Robot with human reflexes
Researchers from MIT’s Department of Mechanical Engineering have designed an interface that takes advantage of a human’s split-second reflexes allowing a humanoid to maintain its balance and complete tasks.
Deep in the basement of MIT’s Building 3, a two-legged robot named HERMES is wreaking controlled havoc: punching through drywall, smashing soda cans, kicking over trash buckets, and karate-chopping boards in half. Its actions, however, are not its own.
Just a few feet away, PhD student Joao Ramos stands on a platform, wearing an exoskeleton of wires and motors. Ramos’ every move is translated instantly to HERMES, much like a puppeteer controlling his marionette. As Ramos mimes punching through a wall, the robot does the same. When the robot’s fist hits the wall, Ramos feels a jolt at his waist. By reflex, he leans back against the jolt, causing the robot to rock back, effectively balancing the robot against the force of its punch.
The exercises are meant to demonstrate the robot’s unique balance-feedback interface. Without this interface, while the robot may successfully punch through a wall, it would also fall headlong into that wall. The interface allows a human to remotely feel the robot’s shifting weight, and quickly adjust the robot’s balance by shifting his own weight. As a result, the robot can carry out momentum-driven tasks — like punching through walls, or swinging a bat — while maintaining its balance.
Ramos says the interface takes advantage of a human’s split-second reflexes, which give the robot much faster reaction times than robots that adjust their balance based on visual feedback from onboard cameras.
“The processing of images is typically very slow, so a robot has difficulty reacting in time,” says Ramos, of MIT’s Department of Mechanical Engineering. “Instead, we’d like to use the human’s natural reflexes and coordination. An example is walking, which is just a process of falling and catching yourself. That’s something that feels effortless to us, but it’s challenging to program into a robot to do it both dynamically and efficiently. We want to explore how humans can take over complex actions for the robot.”

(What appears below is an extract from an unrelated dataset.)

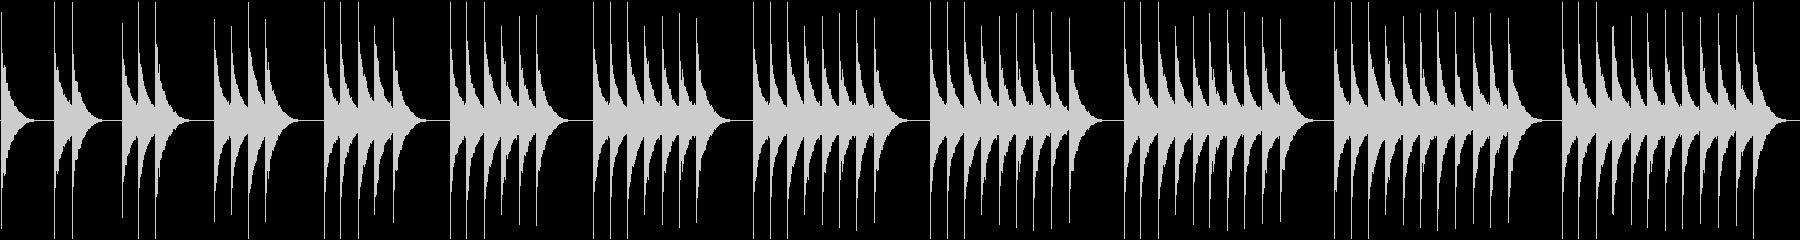 (ボーン、ボーン)レトロな柱時計の時報の未再生の波形
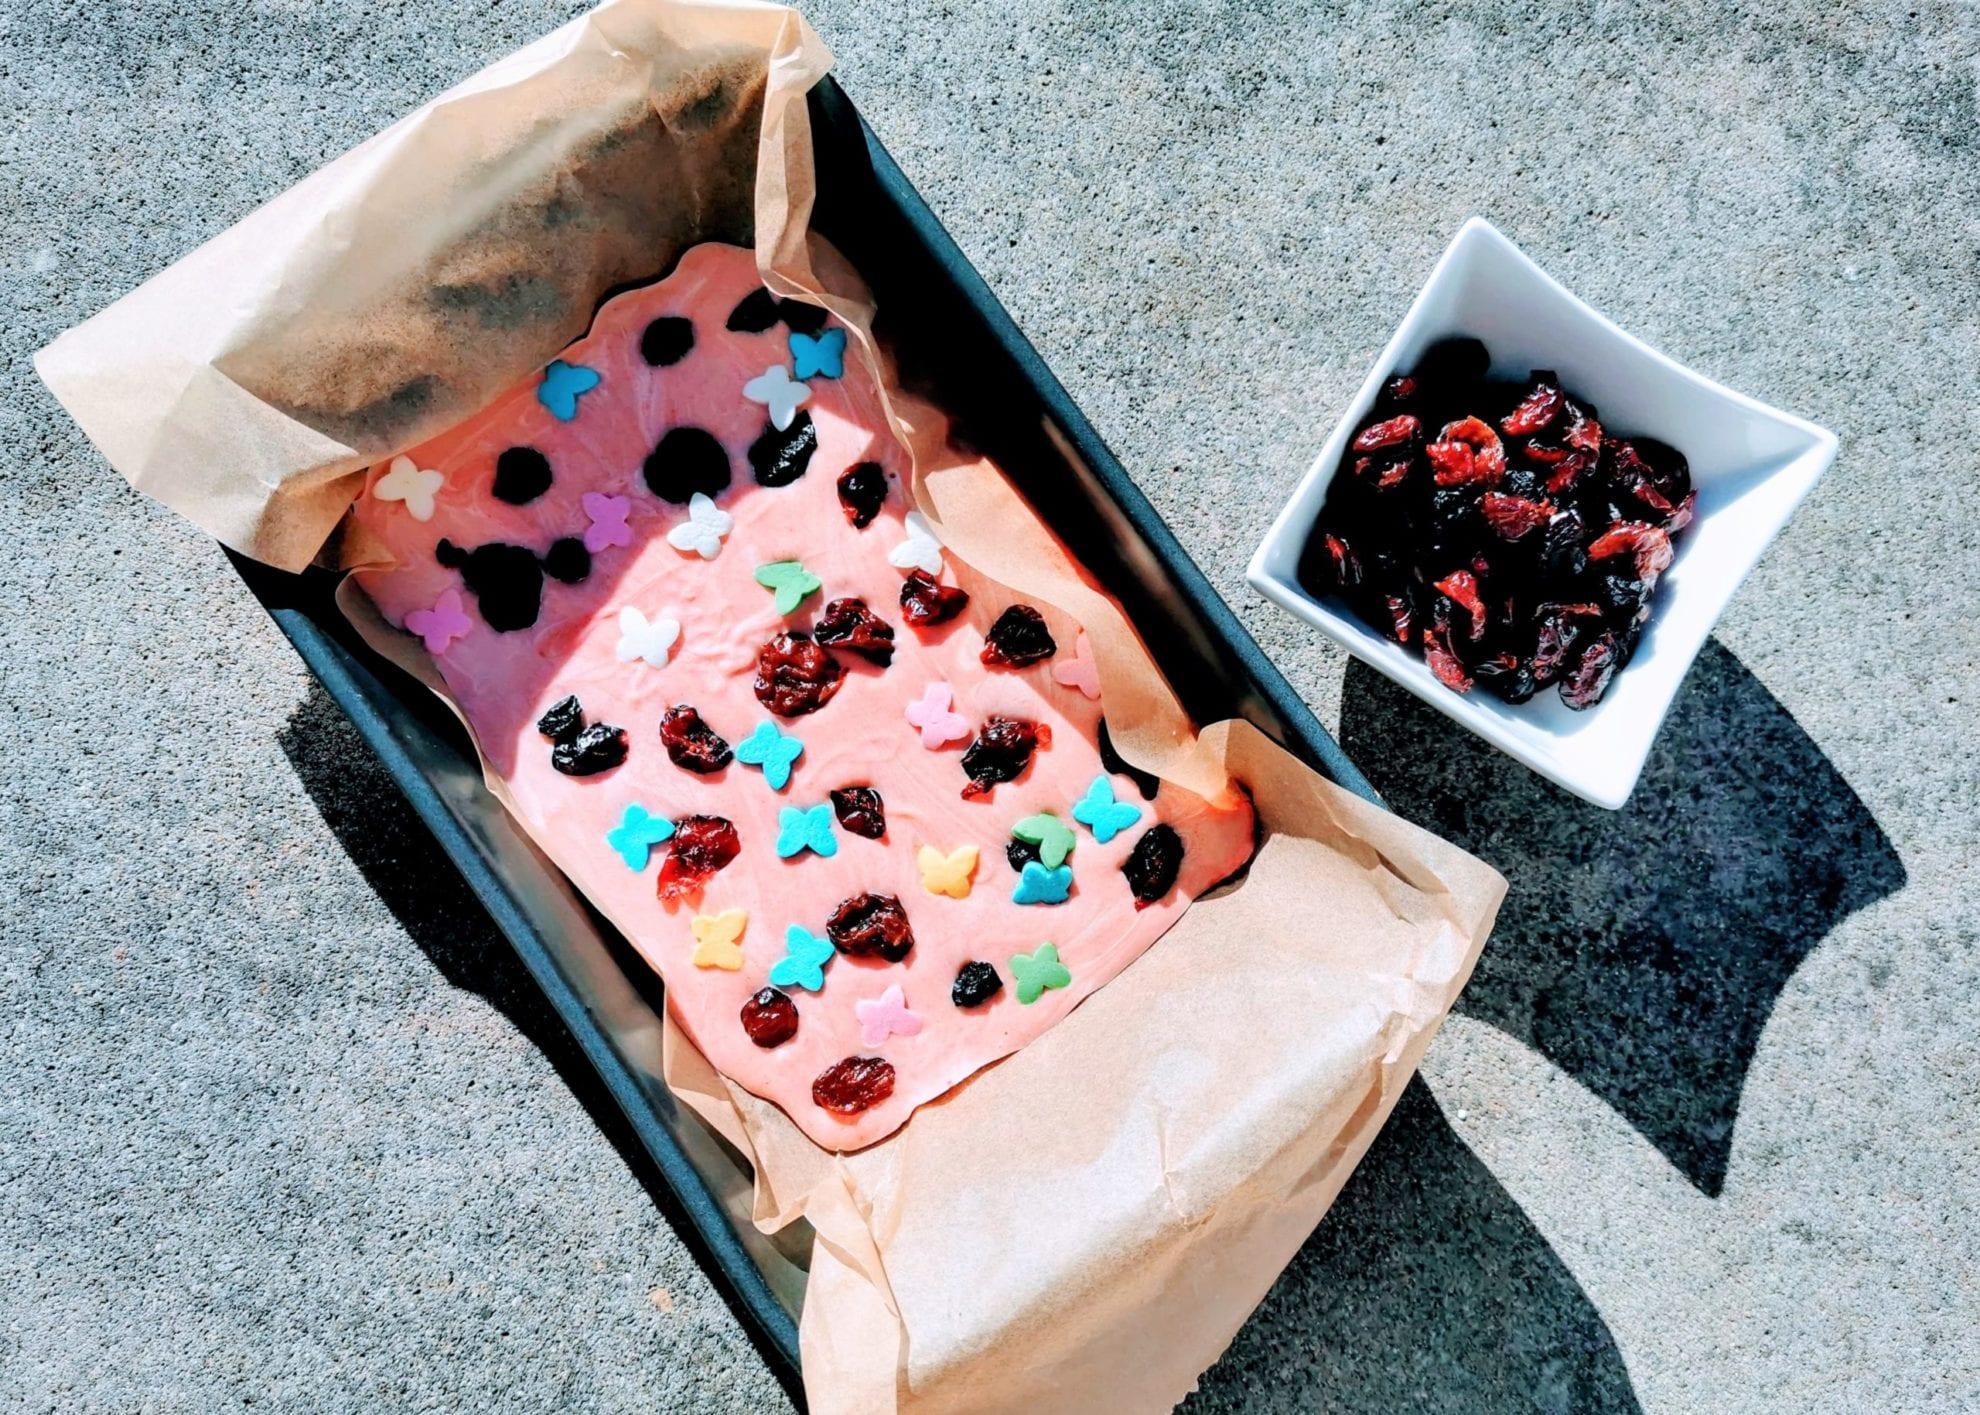 Geschenkidee aus der Küche: rosa Bruchschokolade mit getrockneten Beeren und Schmetterlingen. Ein einfaches Rezept aus nur 3 Zutaten auf Puddingklecks

Ultimately, Ramos and his colleagues envision deploying HERMES to a disaster site, where the robot would explore the area, guided by a human operator from a remote location.
“We’d eventually have someone wearing a full-body suit and goggles, so he can feel and see everything the robot does, and vice versa,” Ramos says. “We plan to have the robot walk as a quadruped, then stand up on two feet to do difficult manipulation tasks such as open a door or clear an obstacle.”